Effects of V103I MC4R on cAMP Production, β-arrestin Recruitment, MAPK Pathway Activation, and Cell Surface Expression Representative real-time measurement of (A) cAMP (B) β-arrestin recruitment upon NDP-αMSH stimulation. (C) Time-course quantification and (D) respective area under the curve (AUC) of ERK1/2 phosphorylation assessed by Homogeneous Time-Resolved Resonance Energy Transfer (HTRF)-based sandwich immunoassay (Cisbio, 64AERPET); data expressed as % WT. WT (open squares), V103I (solid squares) MC4R; mean ± standard error; (n = 4); statistical significance of differences between WT and mutant analyzed in an unpaired single-sample t test; ^∗∗p < 0.01. (E) Confocal microscopy on COS-7 cells expressing WT and V103I MC4R unstimulated and upon NDP-αMSH stimulation. MC4R in red (Anti-FLAG (M2) antibody), plasma membrane in green (wheat germ agglutinin) and nuclei in blue (DAPI).

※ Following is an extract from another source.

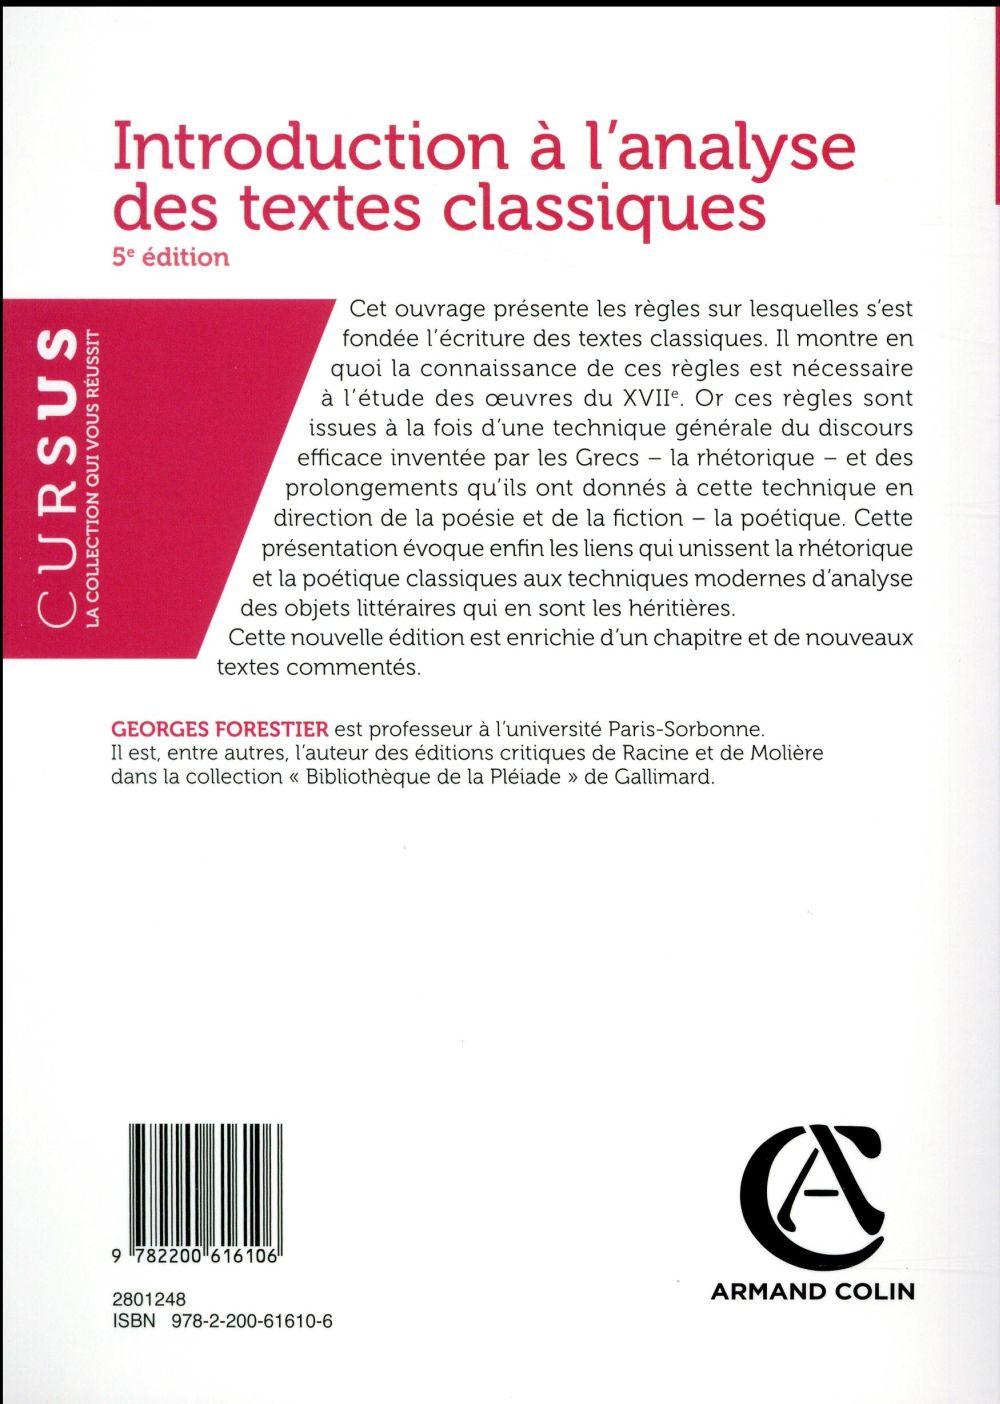 Introduction à l'analyse des textes classiques (5e édition)

Scale bars, 50 μm. (F) Effects of V103I MC4R on receptor internalization quantified by FACS. Representative data on receptor internalization using HeLa cells transiently transfected with FLAG-MC4R WT or V103I. Mock-transfected cells were used as controls for non-specific binding of the antibody (FLAG-PE; negative control). Mean fluorescence intensity (MFI) represents the amount of MC4R present at the cell surface; receptor internalization was quantified using the mean fluorescence intensity (MFI) values of FLAG-PE⁺ cells from unstimulated (-) and NDP-αMSH stimulated WT and V103I MC4R. Related to Figure 4.

Figure 5

Mechanisms by Which V103I MC4R Causes a Gain-of-Function (A and B) Schematic of mechanisms by which V103I MC4R (pink dot) results in GoF. G proteins (α,β,γ); MSH, melanocyte stimulating hormone; AC, adenylate cyclase; CRE, cyclic AMP response element; TF, transcription factor.